Gramma gave me a crate and an old blanket for my new pet, even made room for it in a corner of an old room we called la oficína (“the office”), which was mostly used to warehouse bits and parts of the trucks, and a checkbook.
She folded the blanket so that the piglet was kept overheated in the sweltering room and we carved a corner out of the mess and settled the piglet down. She gave me a baby bottle full of milk from the refrigerator and showed me how to warm it up, hold it to the tiny snout, and wait for the animal’s instincts to kick in. They never did.
His eyes never opened, and really the only way I knew it was still alive was because it was consistently secreting a small trickle of urine and a thin, smelly excremental leakage.
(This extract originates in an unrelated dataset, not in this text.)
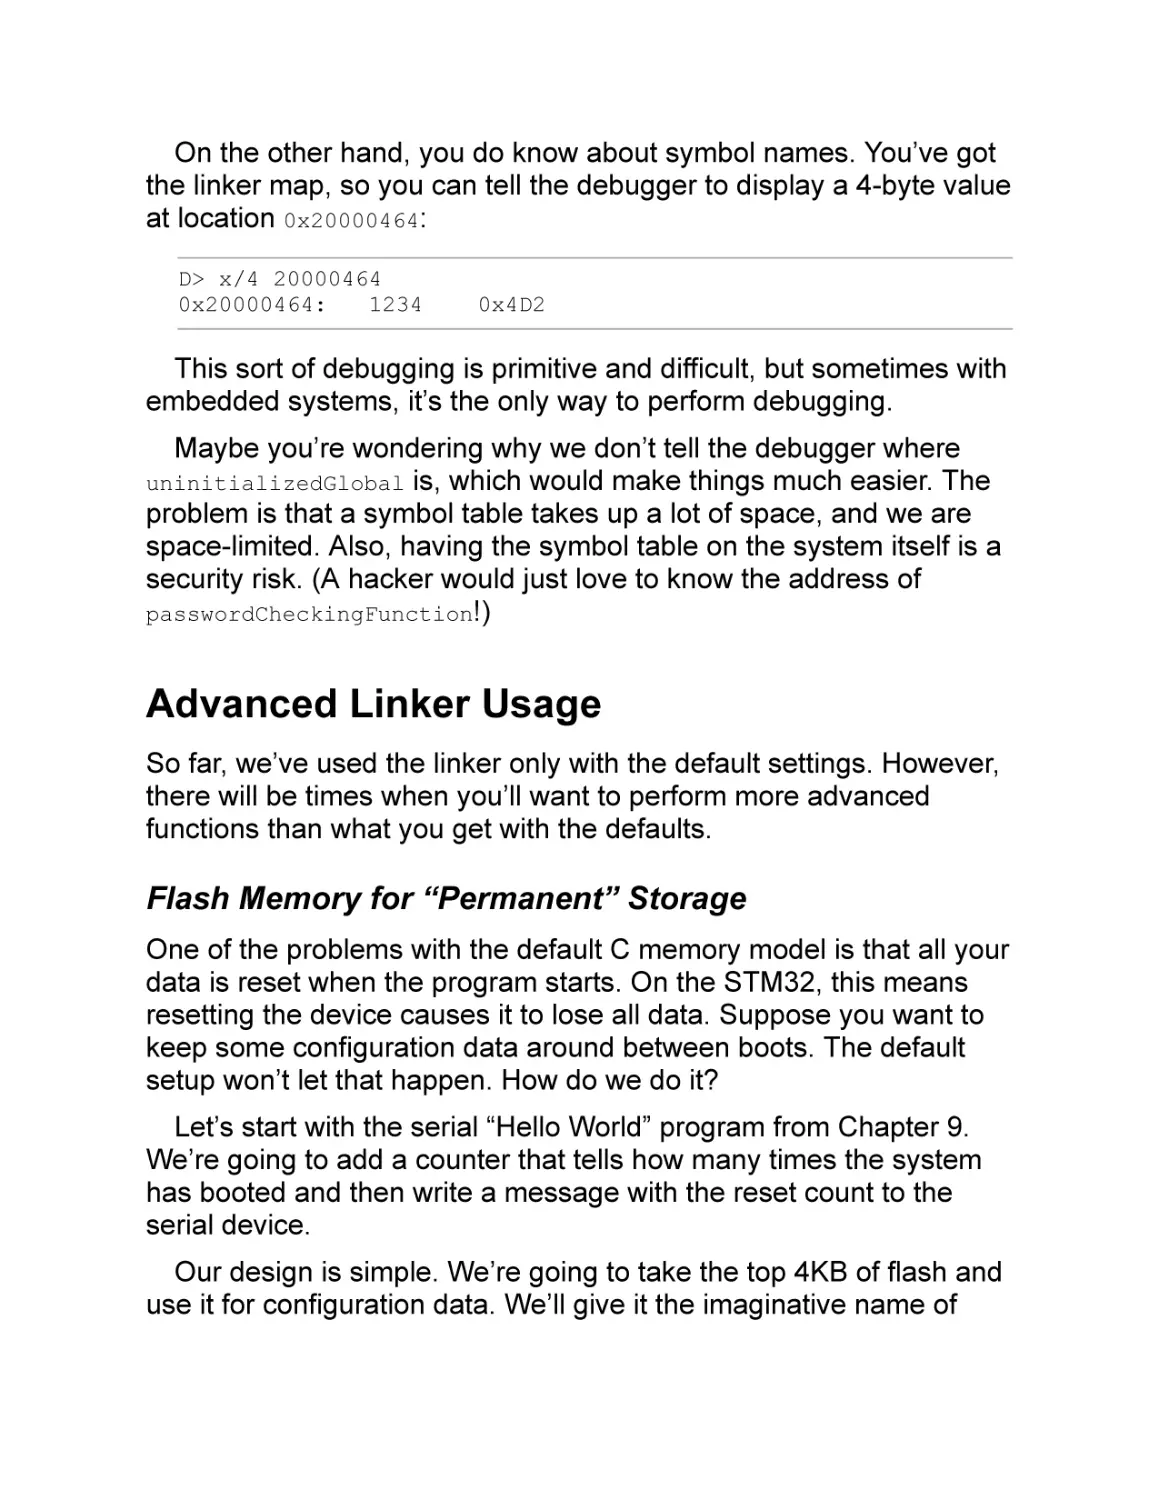 Advanced Linker Usage
Flash Memory for “Permanent” Storage

This, of course, deterred Gramma nothing. She had faith it would live. She found a small portrait of “Burning Heart” Jesus, the one where he looks you straight in the eye while holding his own heart in his hands, engulfed in flame—you remember the one—and she put it over the piglet’s head, then told me to pray with all my might, to squeeze my eyes shut and put all my faith into Jesus’s healing power, and that if I prayed hard enough, the piglet would get better. Just you wait and see. Pray your little fucking heart out, she said to me in Spanish, and it will live.
Of course, I had no idea what the hell she was talking about, as a toddler (or a ten-year-old) when she went on and on about her fé, (“faith”), but I knew to repeat whatever she said, when she was praying, so I did, and after she left, I kept praying to Jesus in a long, uninterrupted conversation about how well I’d treat the piggy if it got better, how I’d feed it and hold it and take it home with me so it could sleep in the bed with me and Mom and Dad (either as a toddler, or ten-year-old) and I fell asleep after a while, with that list of what I’d compromise in exchange for the piglet to live growing and growing in that stifling oversize closet Grampa had used for an office. It was really just a catchall windowless room of greasy truck parts, oil cans, half-working tools, unbreathable air, and now, a dying piglet.